Il a également énuméré une «insistance pour que les dispositions de l’UE en matière d’aides d’État s’appliquent en Grande-Bretagne dans des circonstances où il n’y a pas de lien ou seulement un lien insignifiant avec des opérations commerciales en cours» comme raison pour laquelle le Parlement serait invité à soutenir les dispositions du projet de loi.

Parmi les autres exemples énumérés figurent une insistance sur le fait que les tarifs GB-NI et les dispositions connexes devraient être «facturés d'une manière qui ne soit pas liée au risque réel des marchandises entrant sur le marché unique de l'UE», ainsi qu'une insistance sur les déclarations d'exportation pour les marchandises NI destinées à GB.

Le projet de loi, qui a passé sa deuxième lecture aux Communes lundi soir à une majorité de 77 personnes malgré l'abstention d'un groupe de députés conservateurs, a exaspéré Bruxelles car il donnerait aux ministres le pouvoir de «faire disparaître» une partie de l'accord de retrait signé par Johnson en dernier. an.
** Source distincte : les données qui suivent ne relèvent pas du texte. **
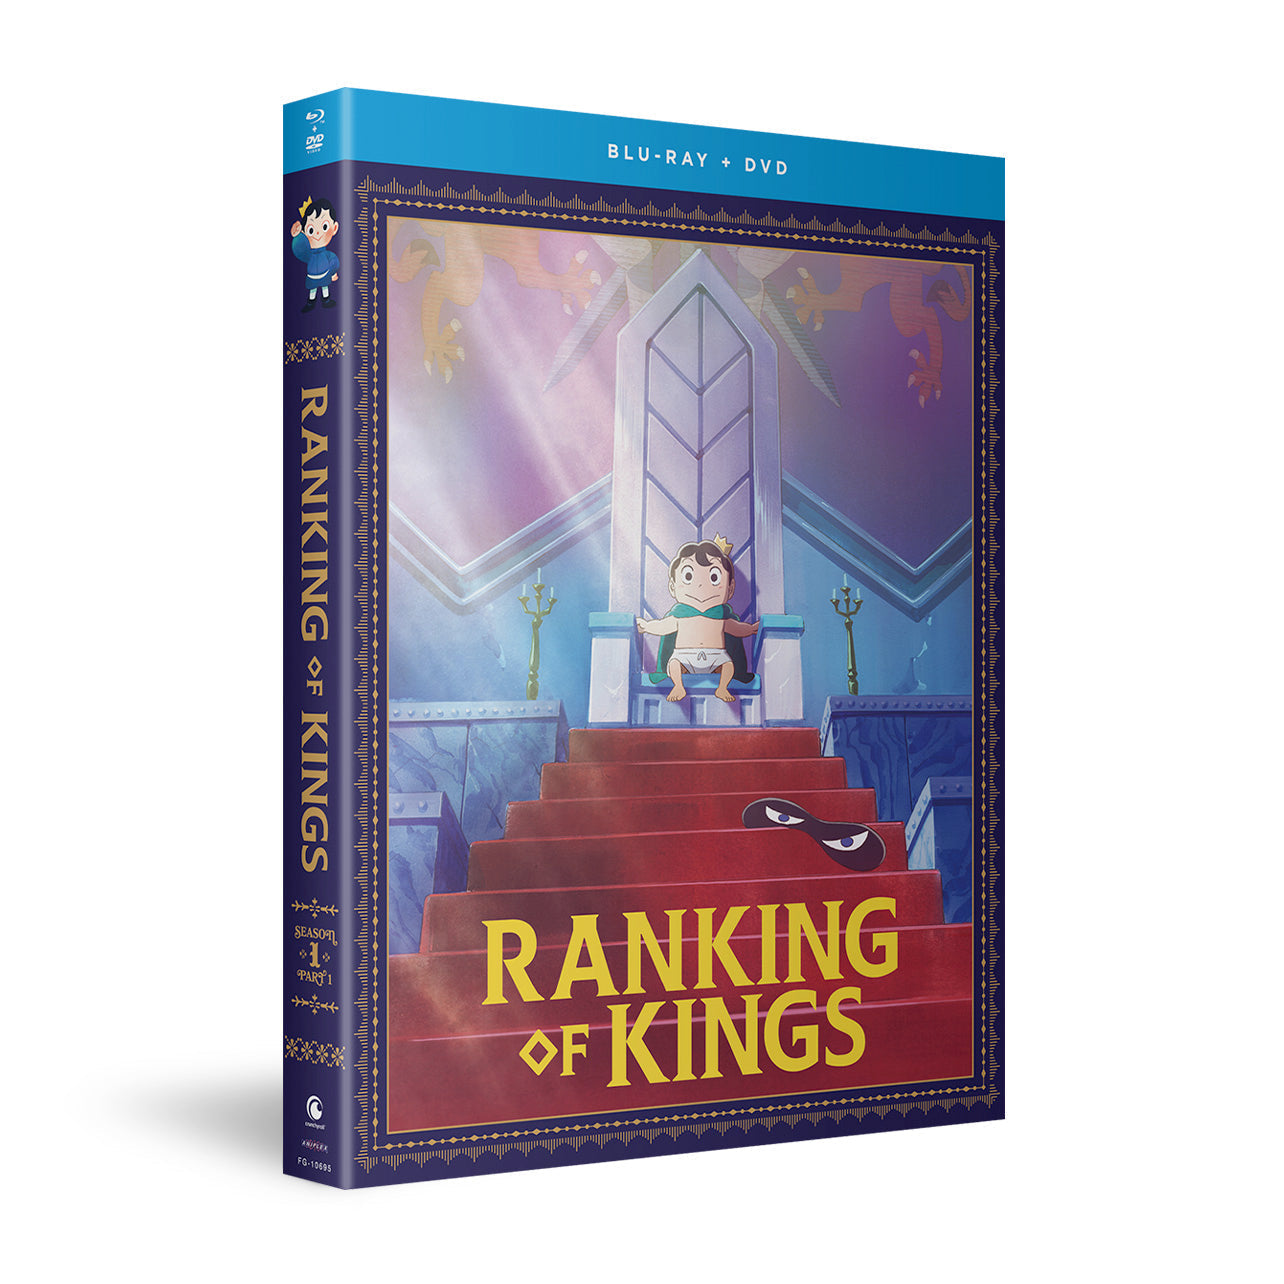 Ranking of Kings - Season 1 Part 1 - BD/DVD image count 2

Une déclaration conjointe publiée au nom de Neill, du député de Damian Green, président du caucus One Nation, et du 10 Downing Street mercredi soir, a déclaré que le gouvernement avait accepté de déposer un amendement au projet de loi sur le marché intérieur à l'étape du comité.

Écrivant pour le Telegraph le week-end dernier, Johnson a affirmé qu'il avait été anxieux ces dernières semaines, car les négociateurs pensaient qu'il y avait un «grave malentendu» sur les termes de l'accord de retrait. «Nous entendons maintenant dire que, à moins d’accepter les conditions de l’UE, l’UE utilisera une interprétation extrême du protocole de l’Irlande du Nord pour imposer une frontière commerciale à grande échelle le long de la mer d’Irlande», a-t-il écrit.